Now we take the list of users whose data is required and load it onto a dataframe. You can get this dataset from Wikipedia itself, or you can access a sample dataset here. We create empty lists for each type of data that we want to extract, such as gender, edit count, etc.

df = pd.read_excel(r"C:\<data_path>\user_names.xlsx")
print(df.shape)
print(df.head())
userid = []
editcount = []
gender = []
blockinfo = []
emailable = []

We format the usernames into a string with each username separated by a pipe, which can be fed directly into the API query parameter. We then query the API for the required extractables, and append it to the previously created lists.

for i in range(1,76):
a = df["Usernames"][(i-1)*49:i*49]
U = ""
for n in range(len(a)):
b = a.values[n]
U = U + str(b) + "|"

import requests
S = requests.Session()
URL = "https://en.wikipedia.org/w/api.php"PARAMS = {
"action": "query",
"format": "json",
"list": "users",
"ususers": str(U),
"usprop": "blockinfo|editcount|emailable|gender"
}
R = S.get(url=URL, params=PARAMS)
DATA = R.json()
DATA["query"]["users"].pop(0)
USERS = DATA["query"]["users"]

for u in USERS:
if 'userid' in u:
userid.append(u["userid"])
else:
userid.append("unknown")
if 'editcount' in u:
editcount.append(u["editcount"])
else:
editcount.append("unknown")
if 'gender' in u:
gender.append(u["gender"])
else:
gender.append("unknown")
if 'emailable' in u:
emailable.append(1)
else:
emailable.append(0)
if 'blockid' in u:
blockinfo.append(1)
else:
blockinfo.append(0)

for j in range((i-1)*49,i*49):
df.loc[j, "User ID"] = int(userid[j])
df.loc[j,'Edit Count'] = int(editcount[j])
df.loc[j,'Gender'] = gender[j]
df.loc[j,'Blockinfo'] = int(blockinfo[j])
df.loc[j,'Emailable'] = int(emailable[j])

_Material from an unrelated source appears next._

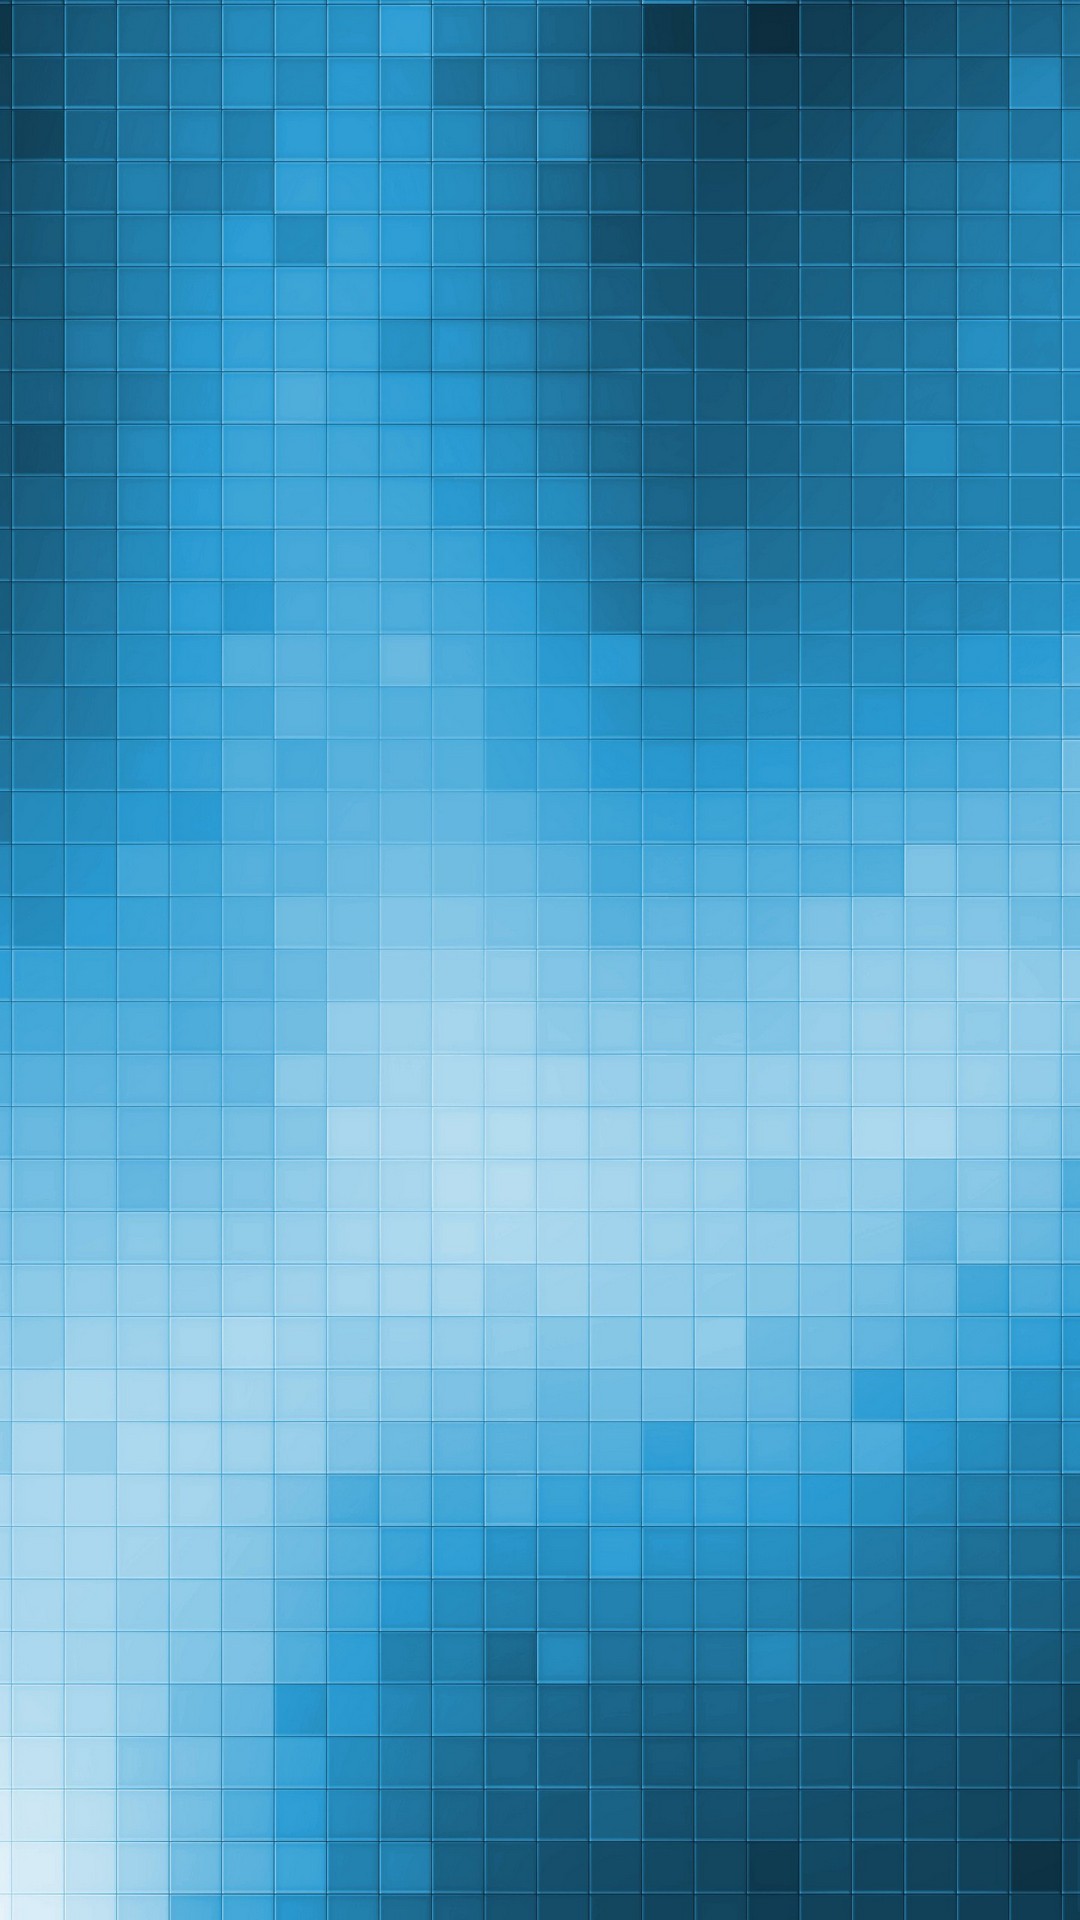 Blue iPhone Wallpaper Retina resolution 1080x1920

This block of code may have to be repeated depending on the number of usernames. For example, with a set of 3700 usernames, all the data can be collected by querying the API 2 times, by querying from [(i-1)*49:49] with i in the range(1,76), and once again by querying from [3675:3700] with i in the range(1,2). Once the API has been queried, we add a code block to collect the ‘About’ section of the user profile if it exists. We can save the preprocessed data to an excel sheet for further usage.

for i in range(1,3700):
a = df["Usernames"][i]
try:
df.loc[i, "About"] = wikipedia.summary("User:"+str(a))
except:
df.loc[i, "About"] = "unknown"
dfdf.to_excel(r'<data_path>\final.xlsx', index = False, engine='xlsxwriter')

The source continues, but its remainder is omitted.